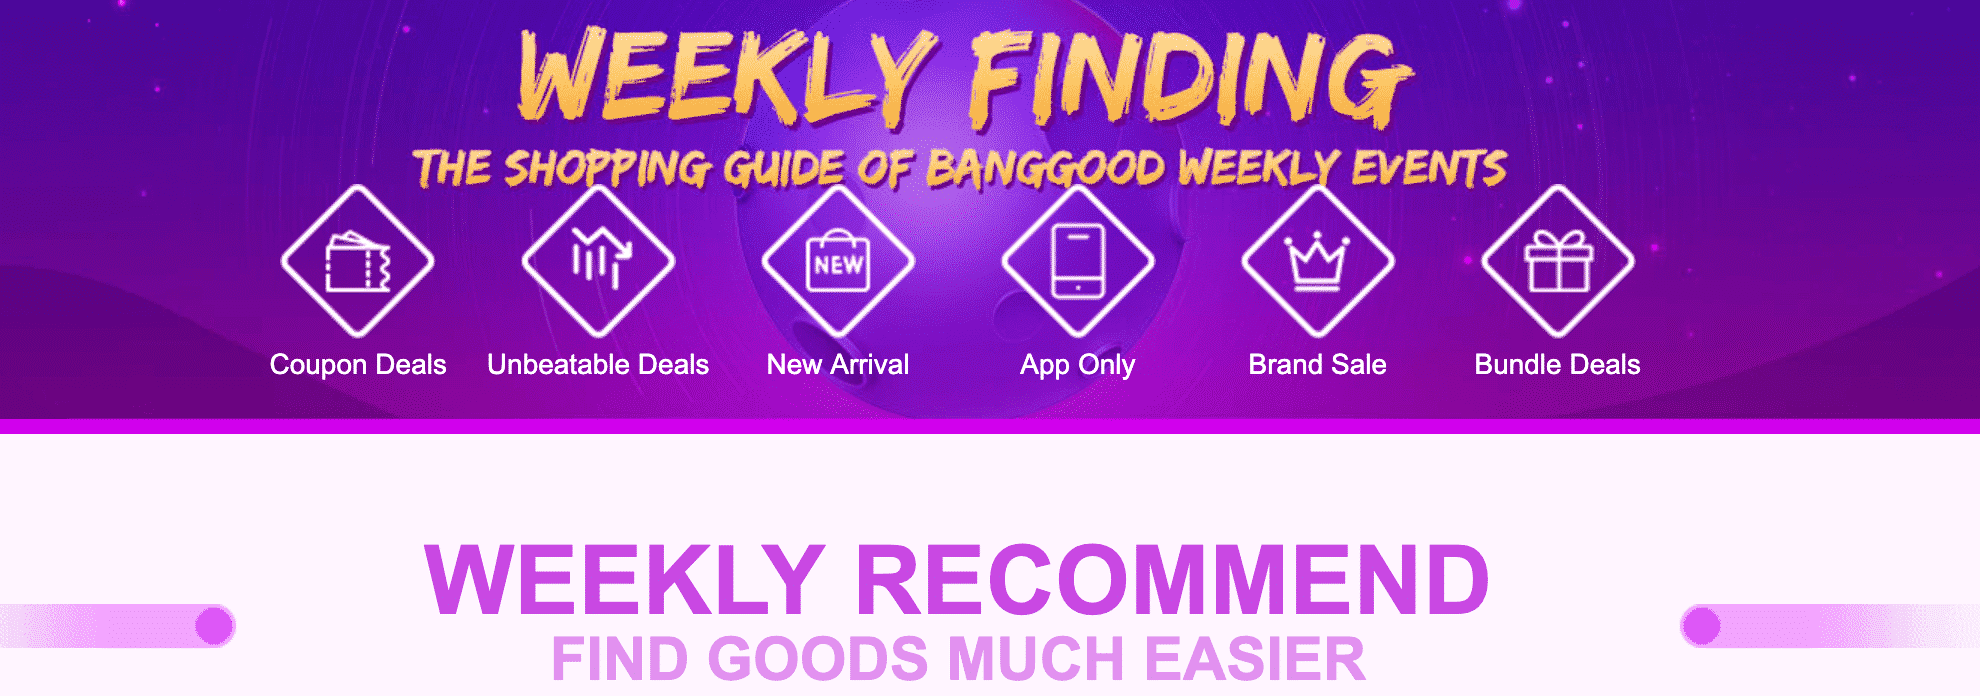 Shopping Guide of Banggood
---
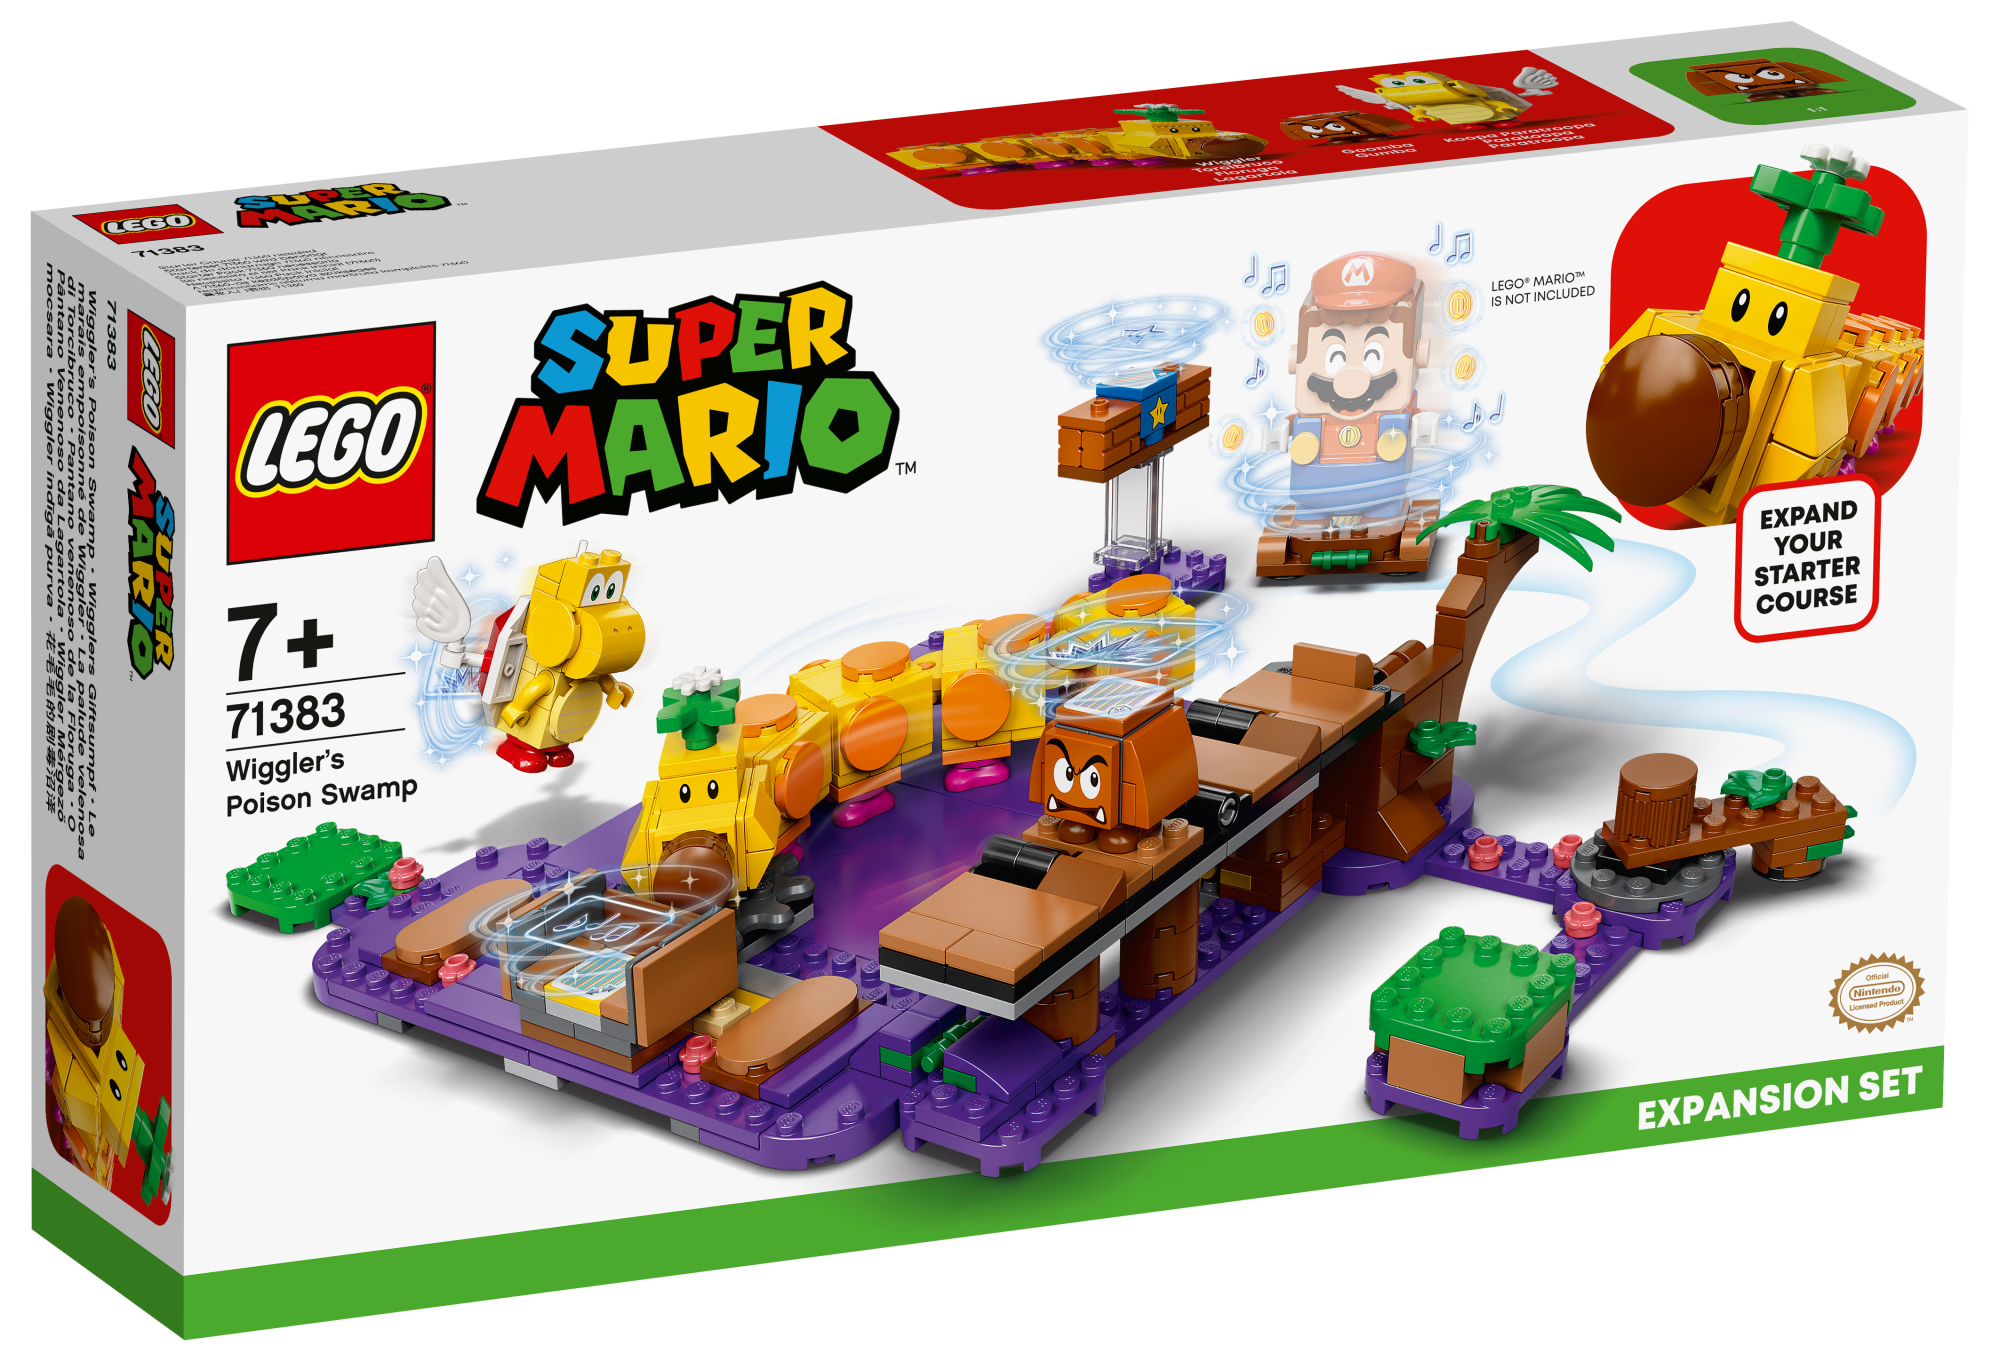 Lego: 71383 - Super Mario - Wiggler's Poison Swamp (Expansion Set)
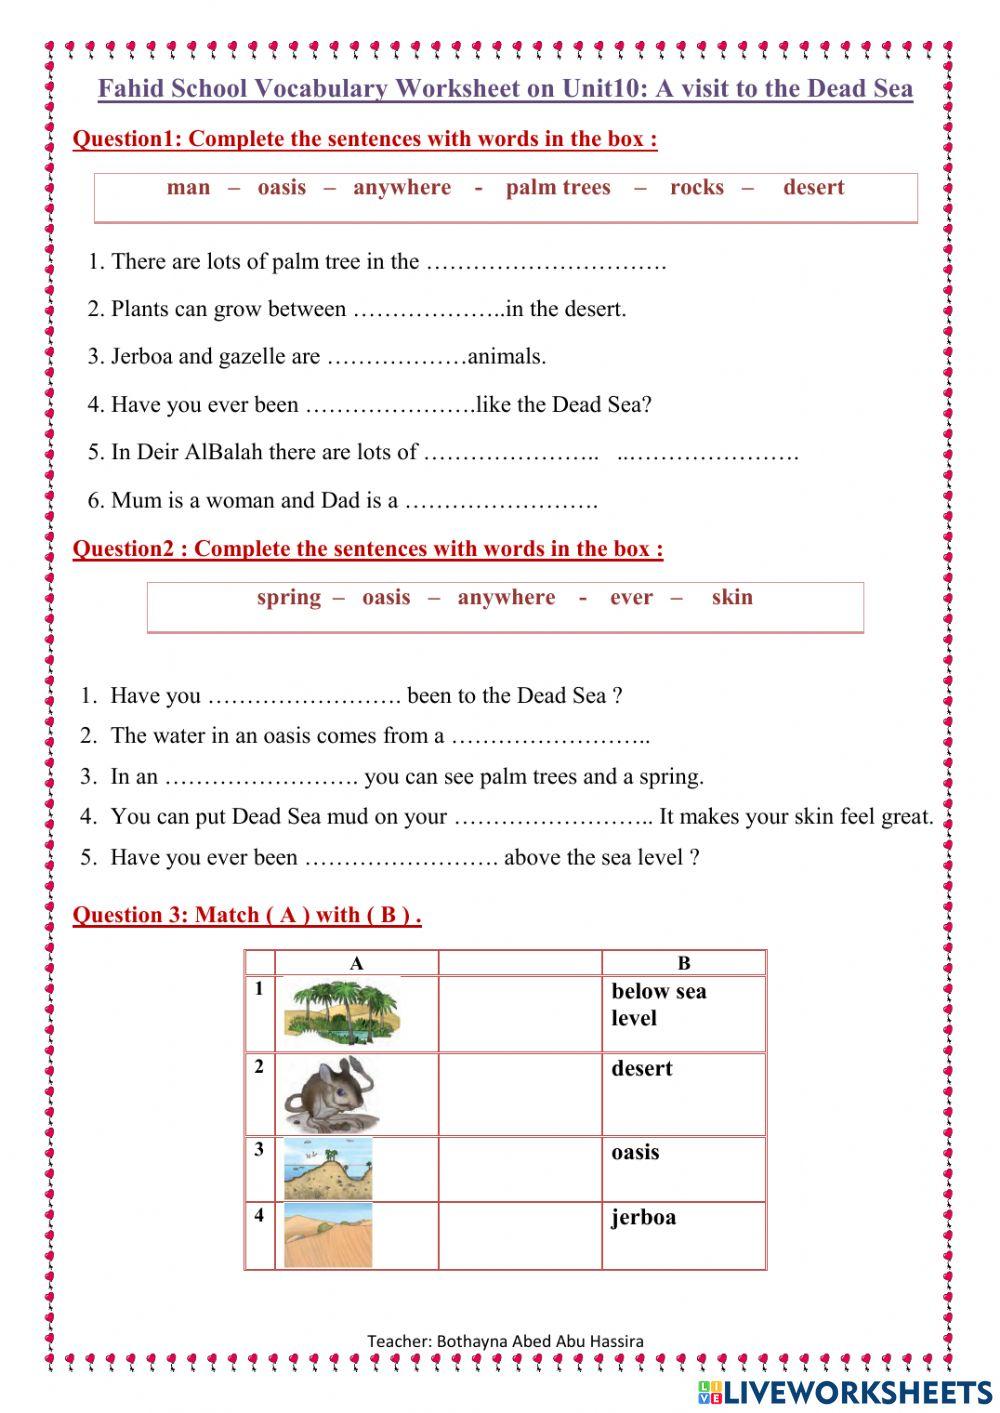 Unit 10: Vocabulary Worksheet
...
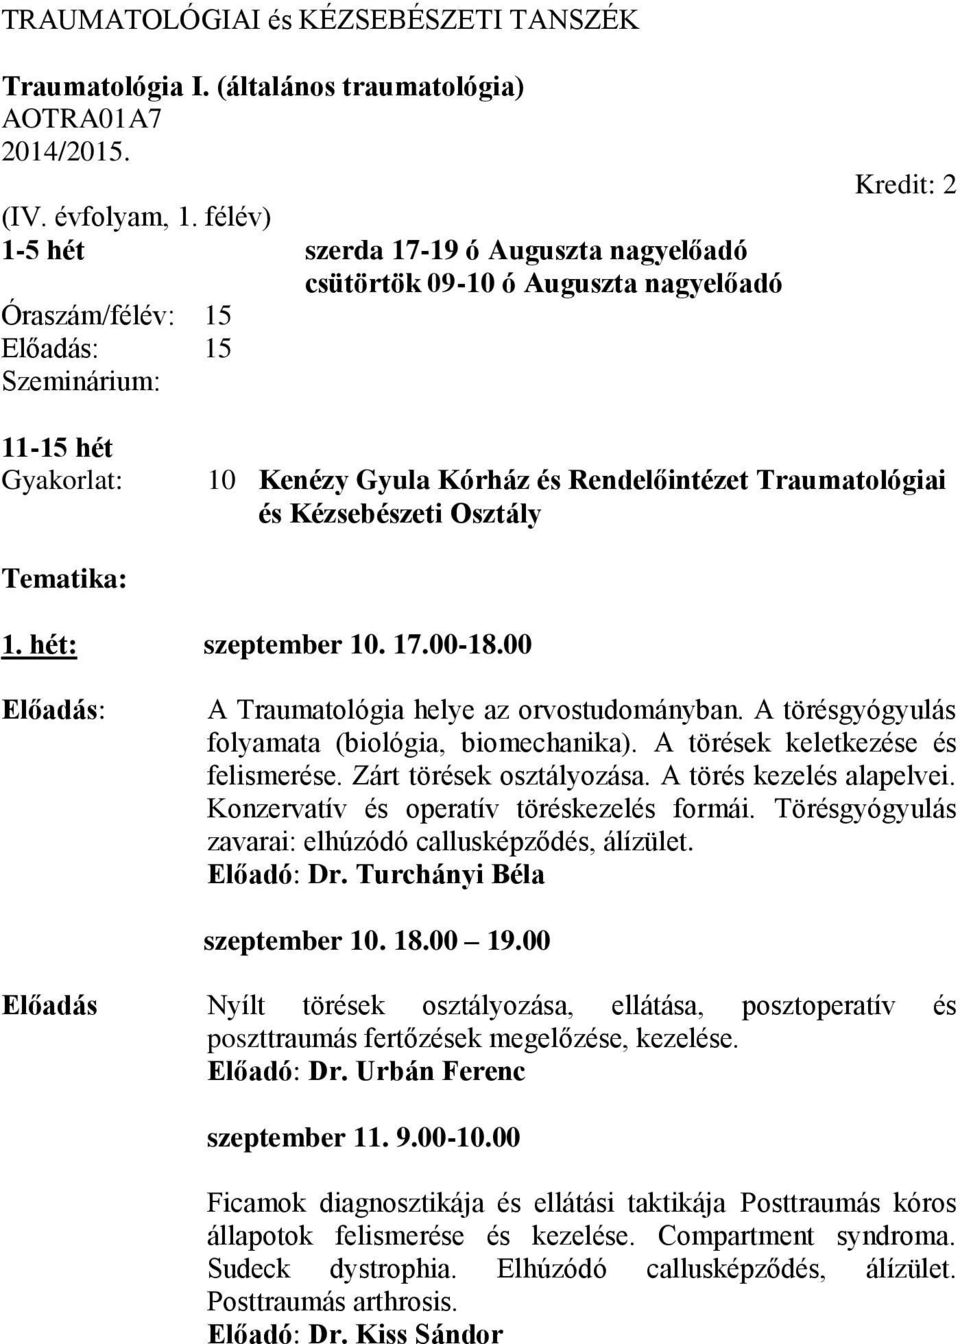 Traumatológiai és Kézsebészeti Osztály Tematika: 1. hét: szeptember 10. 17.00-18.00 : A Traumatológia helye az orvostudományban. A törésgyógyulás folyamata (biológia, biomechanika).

• _ACTIVITY_:
In the records above, find the line with "Lego: 71383 - Super" and the line with "Unit 10: Vocabulary Worksheet". Write out exactly those lines and every one between, with no pictures and no other lines.

• _YOUR RESPONSE_:
 Lego: 71383 - Super Mario - Wiggler's Poison Swamp (Expansion Set)
 Unit 10: Vocabulary Worksheet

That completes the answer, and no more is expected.